Among the Makololo, when an elder brother dies, the brother next in age takes his wives, "as among the Jews, and the children that may be born of these women he calls his brother's also. He thus raises up seed to his departed relative."[1] Among the Gallas, says Bruce,[2] "when the eldest brother dies, leaving younger brothers behind him, and a widow young enough to bear children, the youngest brother of all is obliged to marry her; but the children of the marriage are always accounted as if they were the eldest brother's." Among the Zulus, when a son inherits his father's property, if any of his father's widows are young enough, his uncles are appointed to raise up seed to the heir's house that is, the brothers take the wives of the deceased brother, and the offspring of these unions are reckoned as children of the deceased. This custom, called ukeengena, is now, however, modified, and the widow may, if she chooses, marry some other man; but, in this case, the new husband pays a certain sum in cattle to the estate of the deceased.[3] The Kirghis used strictly to observe this custom, but among them, as among the Zulus, it is now dying out; though, should a widow marry a man in her late husband's tribe, other than her brother-in-law, the man has to pay her brother-in-law a fine for the slight done him by her preferring another to himself.[4]
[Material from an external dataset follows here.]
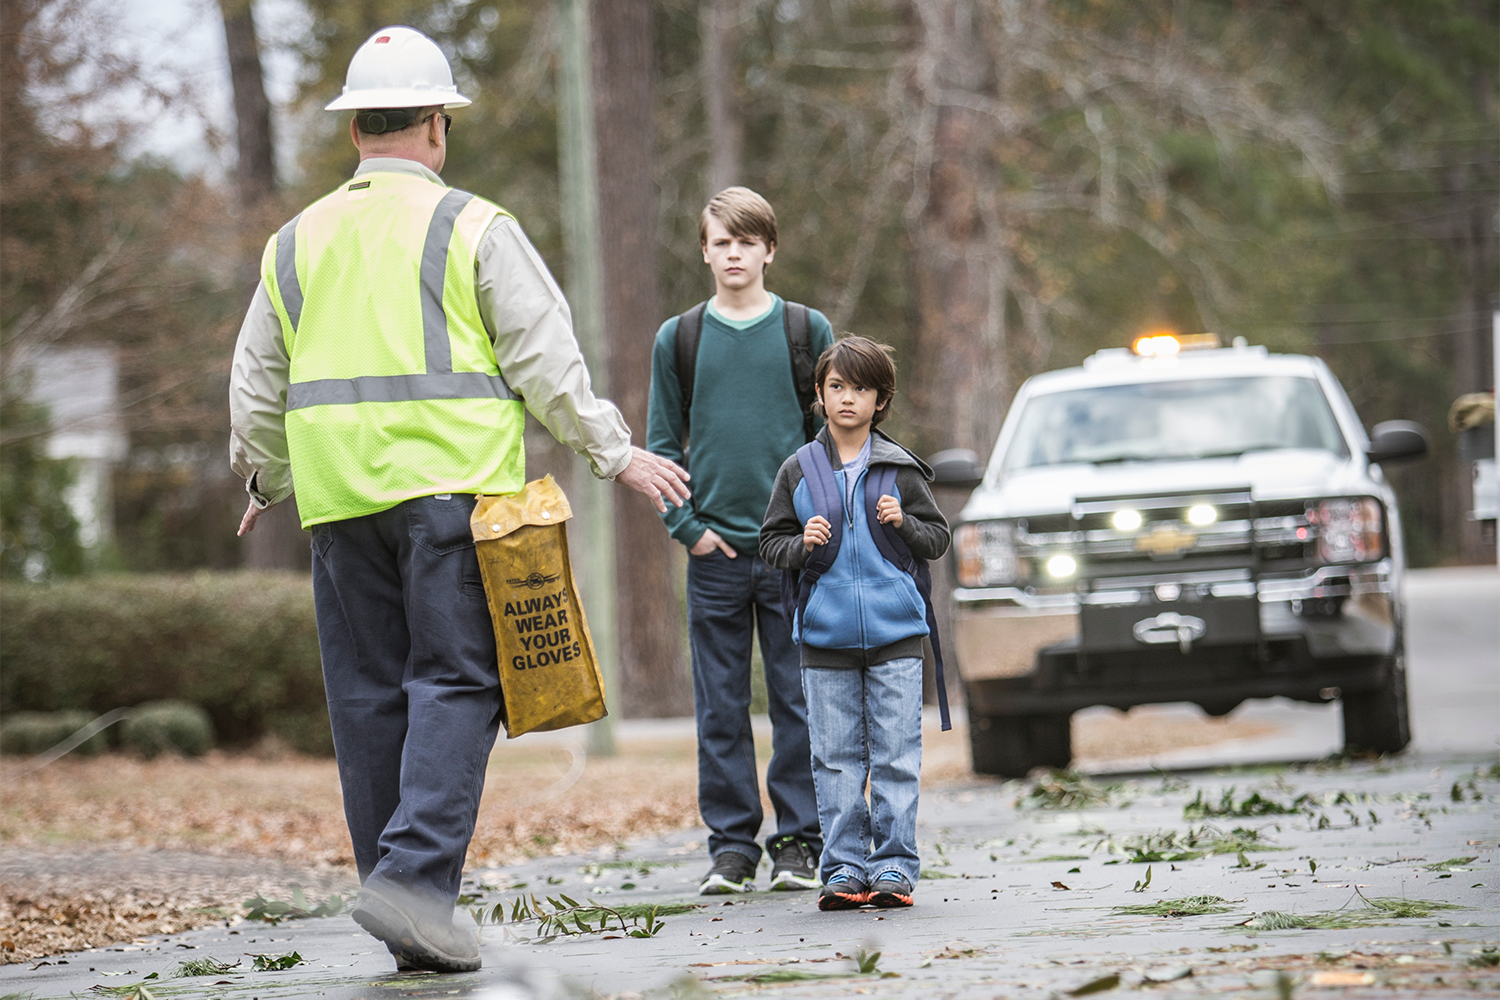 An electric lineman warns children to stay away from downed powerlines

The case of the Jews must be familiar to everyone. In Deut. xxv, 5, we read, "If brethren dwell together, and one of them die and have no child, the wife of the dead shall not marry without unto a stranger: her husband's brother shall go in unto her, and take her to him to wife, and perform the duty of an husband's brother unto her." 6. "And it shall be, that the first-born which she beareth shall succeed in the name of his brother which is dead, that his name be not put out of Israel." That this was an old custom of the Jews we know from the case of Onan (Genesis, xxxviii), where, after Onan has avoided raising up seed to his


  1. Livingstone's Travels in South Africa, p. 185.
  2. Travels, etc., vol. ix, p. 225.
  3. Incwadi Yami, p. 39.
  4. Russian Central Asia, vol. i, pp. 329-330.